Coder Social home page Coder Social logo

multi-hare's Introduction

README

GitHub repository.arXiv paper

What is this repository for?

This repository implements Multidimensional Long Short-Term Memory Recurrent Neural Networks for handwriting recognition using PyTorch.

Features include:

  • Efficient Multi-directional Multi-Dimensional LSTM, using various optimizations described in the paper "No Padding Please: Efficient Neural Handwriting Recognition"
  • Pytorch data preparation for the ICDAR dataset
  • Automatic generation of a dataset for testing during development, based on variable length MNIST digit sequences.
  • An adaptation of DataParallel which works with lists of variable-sized examples

While allured by the March Hare from Alice in Wonderland, this software should not be confused by it.

License notes

Most of the software was developed as part of my EDGE fellowship at Dublin City University, and the rights of the software are owned by Dublin City University. See LICENSE for the details of this license for non-commercial use of the software. Importantly, if you intend on using the Software for commercial purposes, you must obtain a commercial licence from the DCU Invent. For further information please contact [email protected] (see LICENCSE). The software makes use of certain third-party libraries, see Third_Party_Software_Notes.txt. A small number of source files that were written after my EDGE project and/or developed in other contexts is released with the Apache License 2.0. The intention is that newly written and future added source files will be released with the Apache License 2.0 as well.

Setup and use

For running the pipeline code, you may need to execute: " export PYTHONPATH='.' "in the console where you are running the script, to avoid "no module named X" type of errors. Furthermore, this repository is written for python version3, you may need to use a virtual environment to use it.

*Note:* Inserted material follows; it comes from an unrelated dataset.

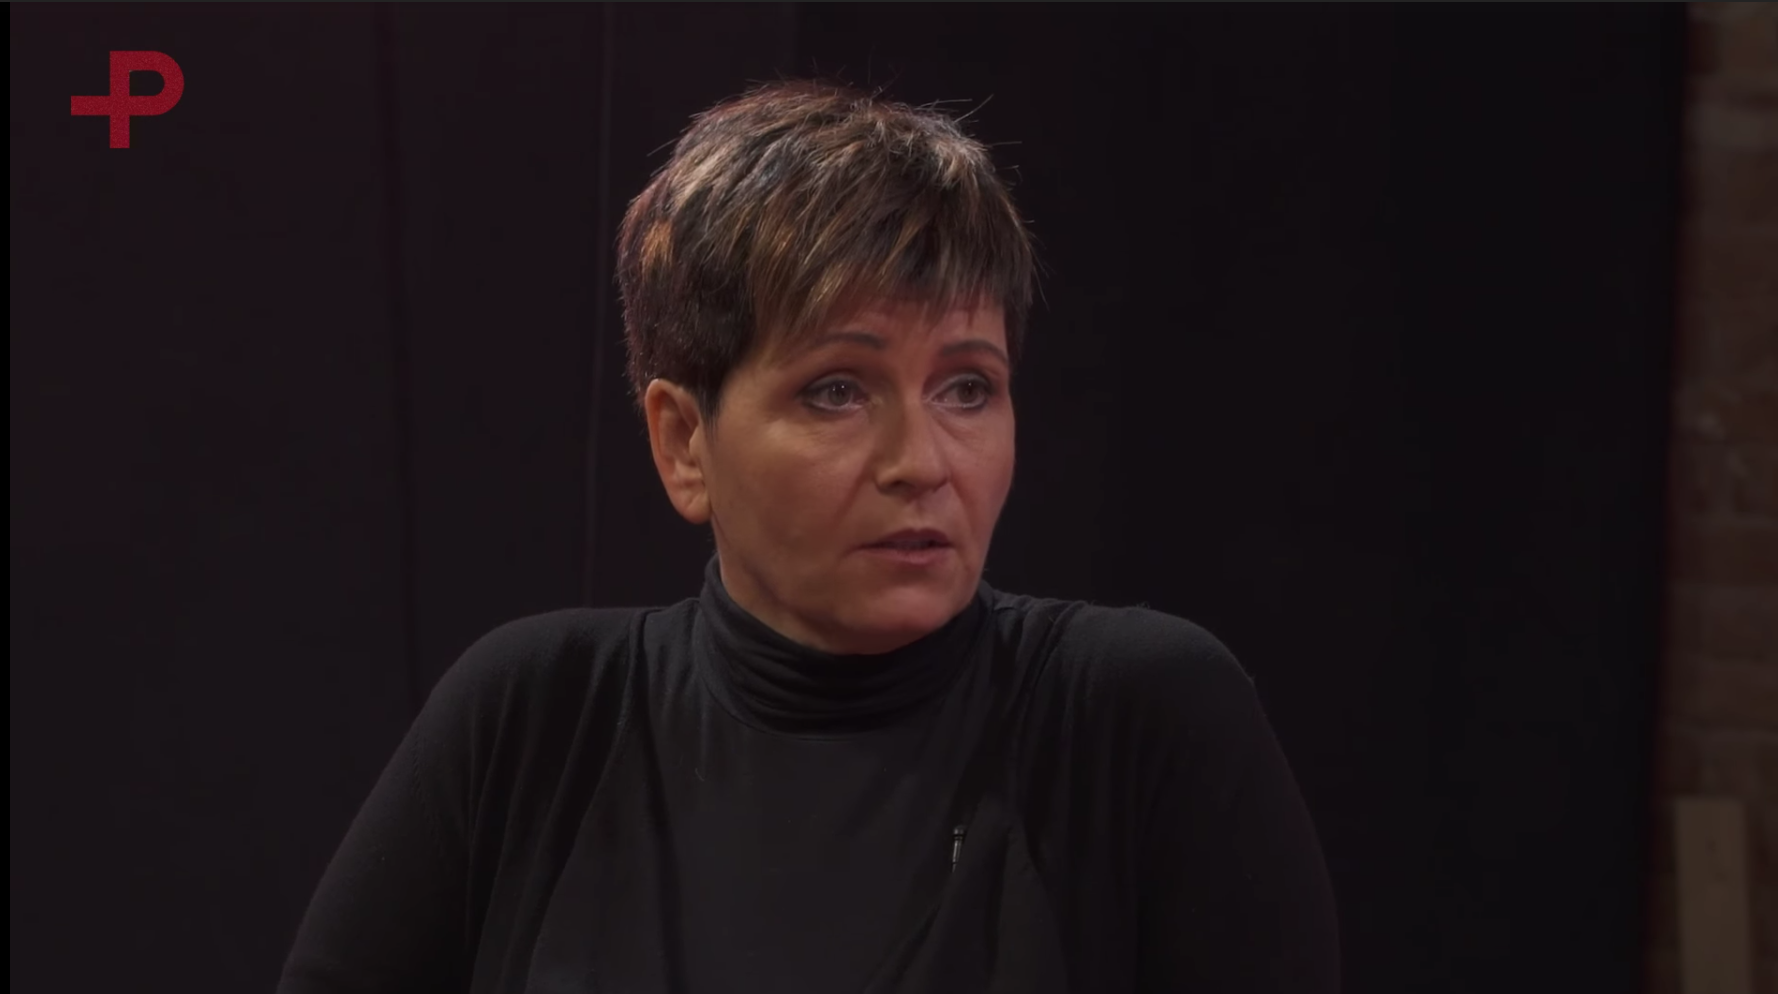 Kálmán Olga: Naponta noszogattuk az ellenzéki pártokat, hogy szólaljanak már meg egy ügyben

The main file for running experiments is: "modules/train_multi_dimensional_rnn_ctc.py". The file "modules/opts.py" has been used for defining a range of options for training and evaluation. This pattern was copied from OpenNMT-py (https://github.com/OpenNMT/OpenNMT-py) which similarly uses the "opts" file extensively to define configuration options. The configuration options are typically specified as command arguments. A typical use case is to make a shell script for an experiment which contains the call of train_multi_dimensional_rnn_ctc.py and the required arguments.

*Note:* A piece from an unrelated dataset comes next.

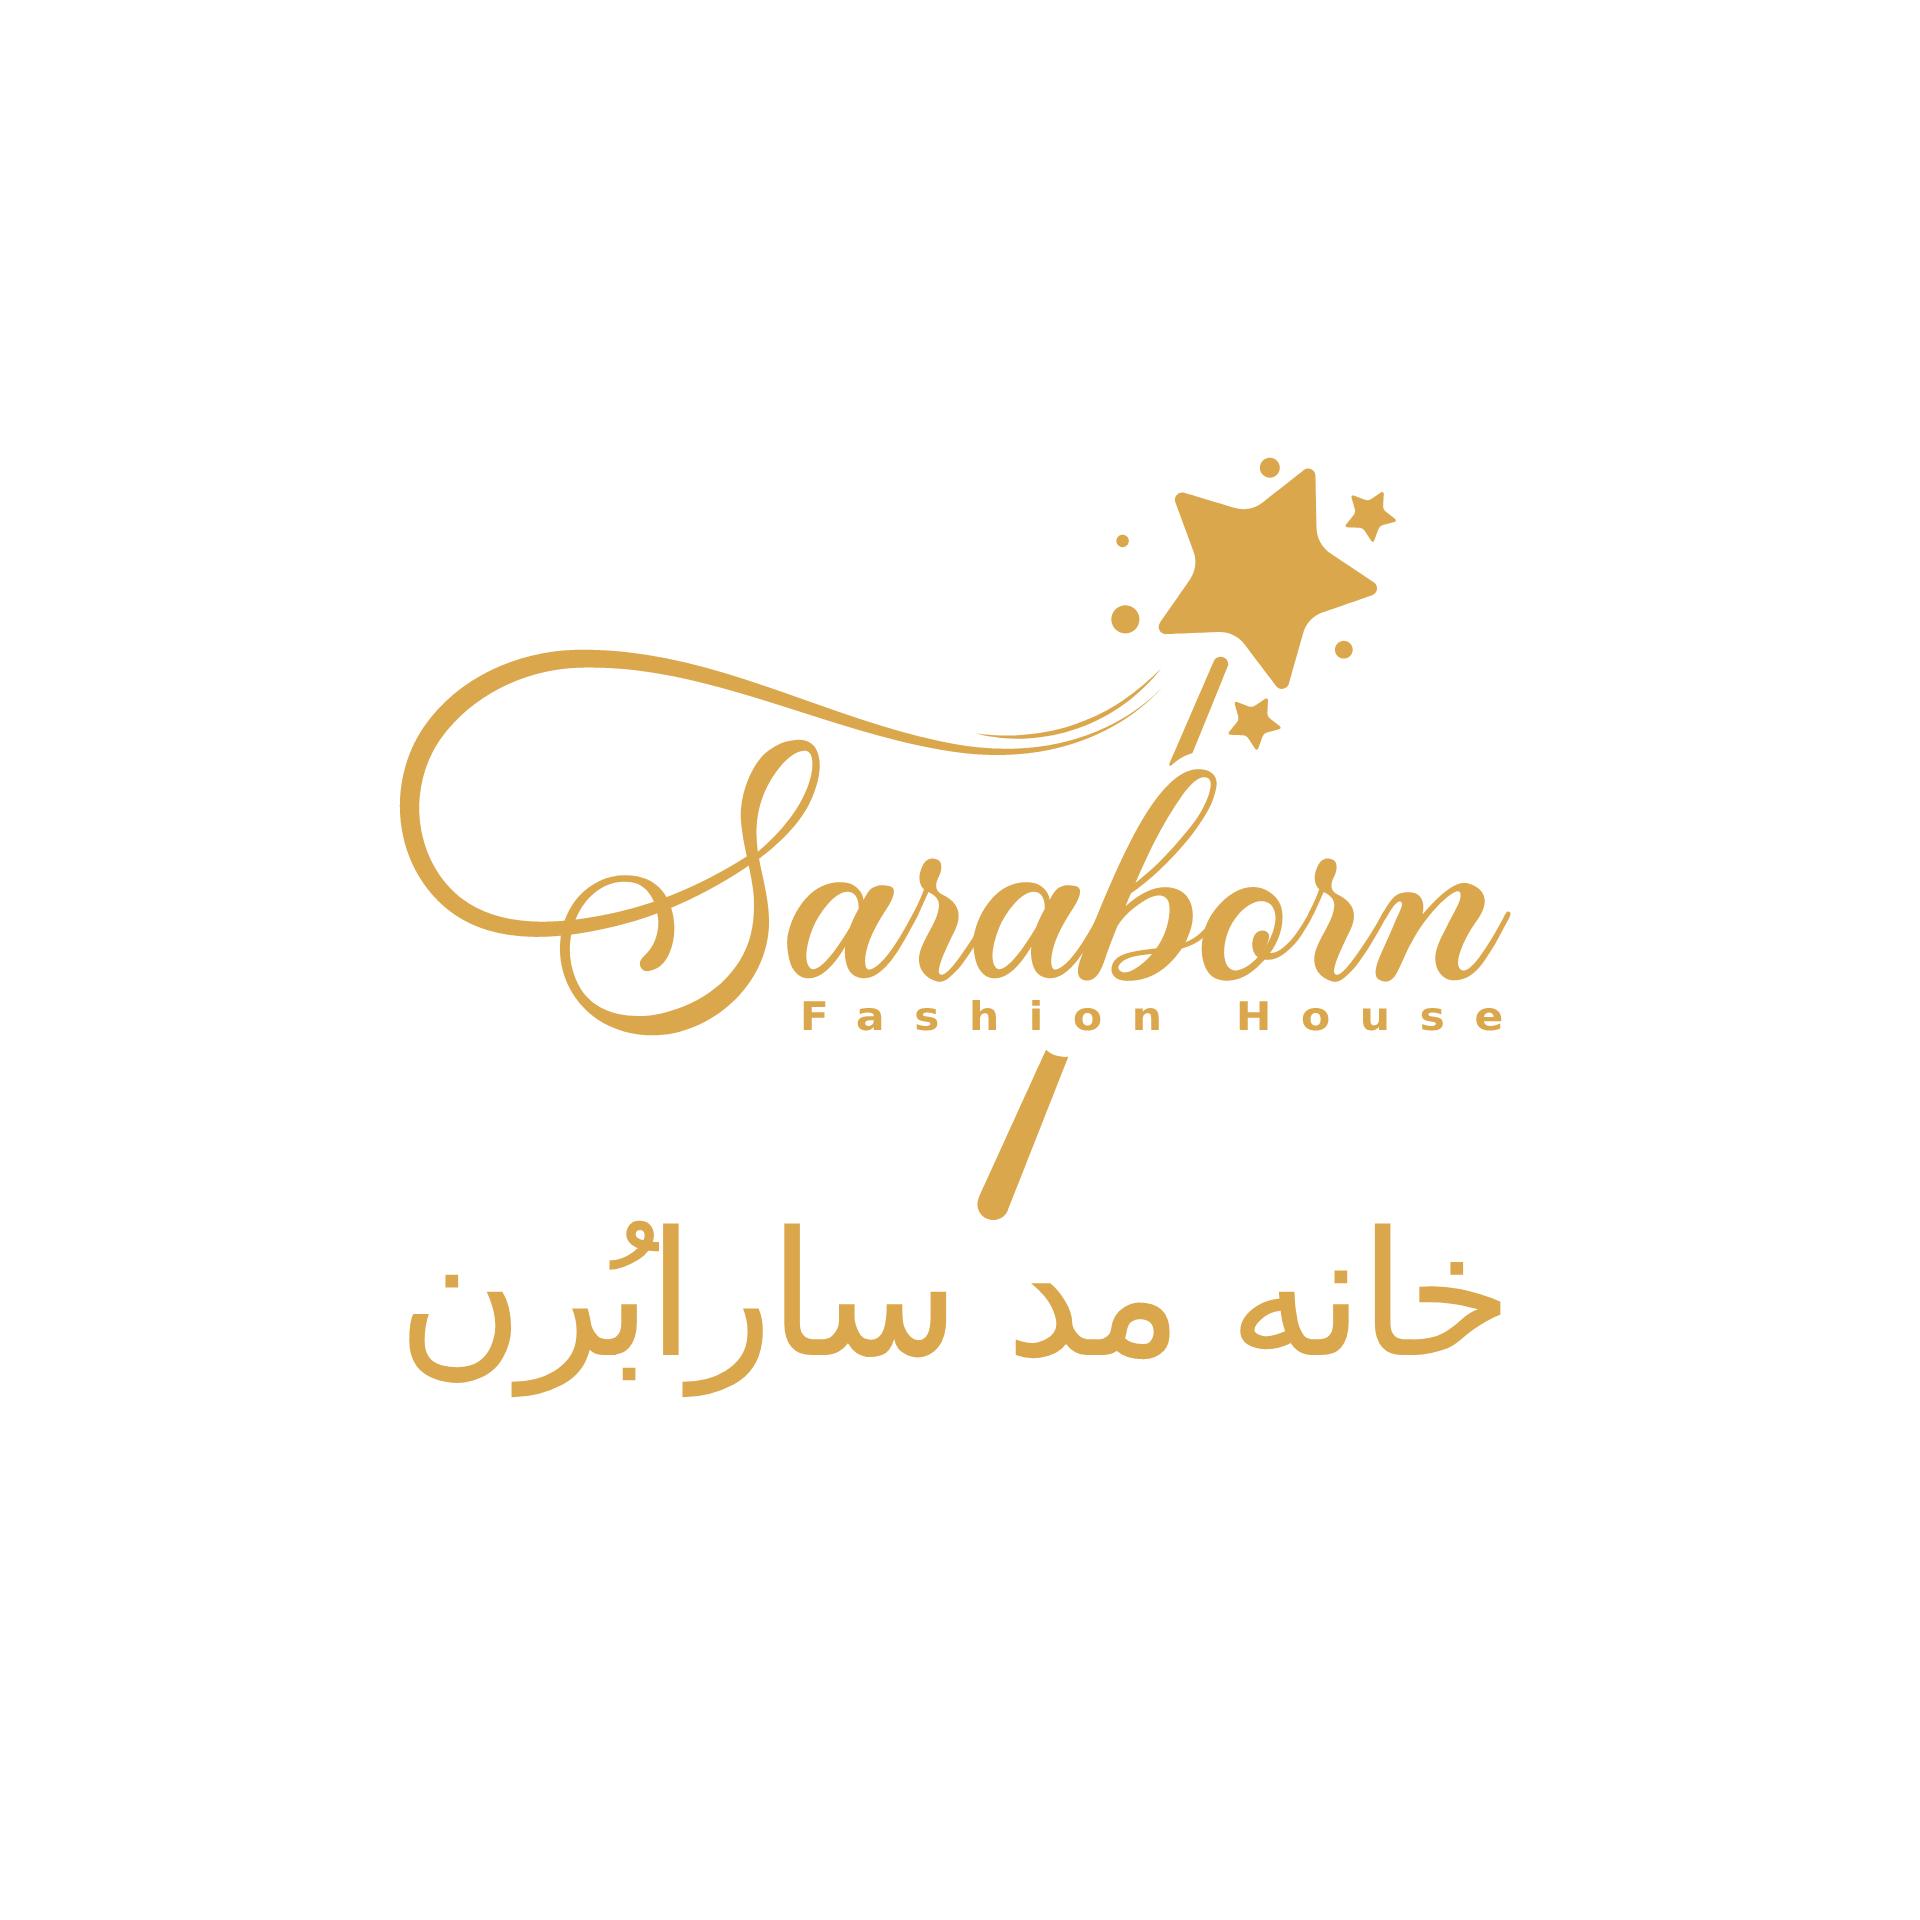 خانه مد کودک سارابُرن

There is a special dataset called "variable_length_mnist" which can be used for testing the software. It generates random sequences of digits of variable length from the set of handwritten digit examples from the MNIST dataset. This is useful for testing, as it is much faster than training on data from ICDAR but still captures most though not all of the properties of a real handwriting recognition task (i.e. ICDAR).

Language Models

The software uses KenLM language models, an interface for training language models is available at language_model/kenlm_interface.py. For replicating the results on the IAM dataset, the use of a strong language model trained on the LOB and Brown corpus is important. However, the London_Oslo_Bergen (LOB) corpus, available from: http://ota.ox.ac.uk/desc/0167 is in a somewhat archaic format. It therefore needs to be converted to be compatible with IAM. The file monolingual_data_preprocessing/lob_original_preprocessor.py takes care of this. The BROWN corpus is taken from NLTK: http://www.nltk.org/nltk_data/. It needs much less preprocessing, the file to do this preprocessing is monolingual_data_preprocessing/brown_corpus_preprocessor.py.

External libraries

This repository uses several external libraries:

  1. ctcdecode: https://github.com/parlance/ctcdecode. This library implements a beam-search decoder with KenLM language model support.
  2. PyTorch bindings for warp-ctc: https://github.com/SeanNaren/warp-ctc This library provides PyTorch bindings for the fast CTC code developed by Baidu Research available from: https://github.com/baidu-research/warp-ctc.
  3. KenLM: https://github.com/kpu/kenlm

Citation

@article{no-padding-please,
author = {Gideon Maillette de Buy Wenniger and Lambert Schomaker and Andy Way},
title = {No Padding Please: Efficient Neural Handwriting Recognition},
journal = {CoRR},
volume = {abs/1902.11208},
year = {2019},
url = {http://arxiv.org/abs/1902.11208}
}

Note that the paper has also been accepted and presented at ICDAR 2019 https://icdar2019.org/list-of-accepted-papers/.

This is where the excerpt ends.